Iskra (, , the Spark) was a political newspaper of Russian socialist emigrants established as the official organ of the Russian Social Democratic Labour Party (RSDLP).

History

Iskra was published in exile and then smuggled into Russia. Initially, it was managed by Vladimir Lenin, moving as he moved. The first edition was published in Leipzig, Germany, on December 1, 1900 (other sources say Dec. 11). Other editions were published in Munich (1900–1902) and Geneva from 1903. When Lenin was in London (1902–1903) the newspaper was edited from a small office at 37a Clerkenwell Green, EC1, with Henry Quelch arranging the necessary printworks.

Iskra quickly became the most successful underground Russian newspaper in 50 years.

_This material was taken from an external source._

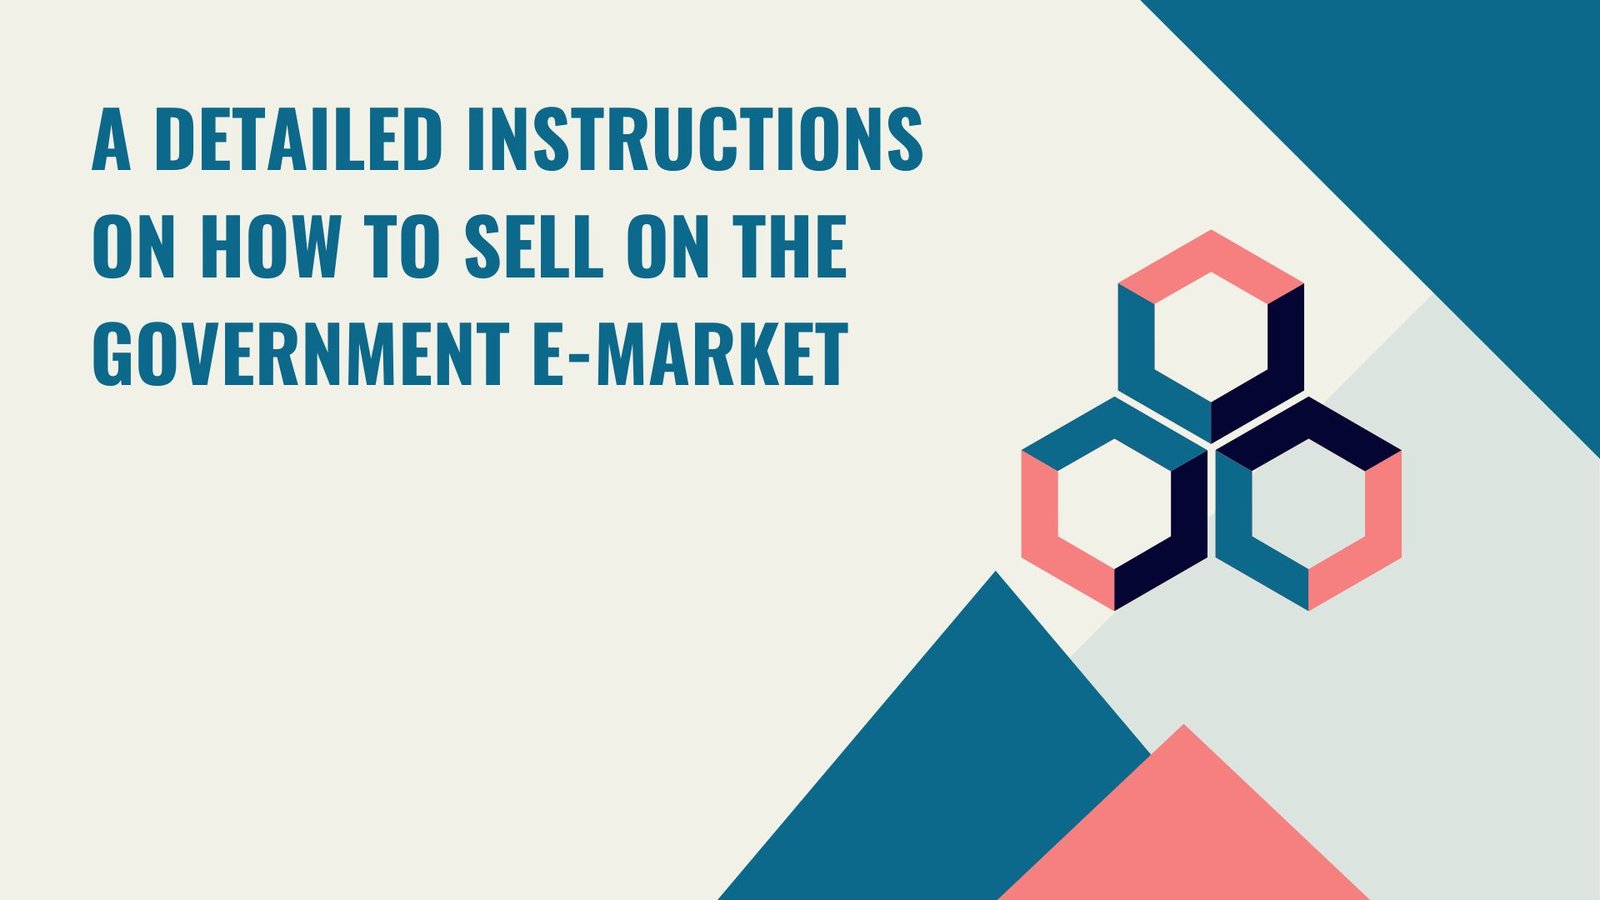 A Detailed instructions on how to sell on the Government e-Market

In 1903, following the split of the RSDLP, Lenin left the staff (after his initial proposal to reduce the editorial board to three – himself, Julius Martov and Georgi Plekhanov – was vehemently opposed); the newspaper fell under the control of the Mensheviks and was published by Plekhanov until 1905. The average circulation was 8,000.

Political viewpoint

Iskras motto was "Из искры возгорится пламя" (Iz iskry vozgoritsya plamya — "From a spark a fire will flare up") — a line from the reply Alexander Odoevsky wrote to the poem by Alexander Pushkin addressed to the anti-tsar Decembrists imprisoned in Siberia. The editorial line championed the battle for political freedom as well as the cause of socialist revolution. The paper also ran a number of notable polemics against "economists", who argued against political struggle in favour of pure trade-union activity for the worker's economic interests, as well as the Socialist Revolutionaries, who advocated terror tactics. In the book What Is to Be Done?, Lenin argues that trade-union activity, although being a good starting point for revolution, would only stay at the level of trade-unionist politics and wouldn't be capable, in itself, to challenge the aristocracy or capitalism. Lenin, on the other hand, argues for a vanguard party, made up of professional revolutionaries, to lead the political struggle and raise the average worker to the level of revolutionaries.

As outlined by Lenin in What Is to Be Done?, Iskra took the place of a central project to cohere the RSDLP nationally.

Staff

Initial staff members:
 Vladimir Lenin (Vladimir Ilyich Ulyanov)
 Dmitri Ilyich Ulyanov, his younger brother
 Georgi Plekhanov
 Vera Zasulich
 Pavel Axelrod (Pinchas Borutsch)
 Julius Martov (Ilija Cederbaum)
 Aleksandr Potresov

Later:
 Leon Trotsky (Lev Davidovich Bronstein)

Some of the staff were later involved in the Bolshevik revolution of October 1917.

Blumenfeld did the printing. Leo Deutsch was the administrator of Iskra but did not share in the editorial work.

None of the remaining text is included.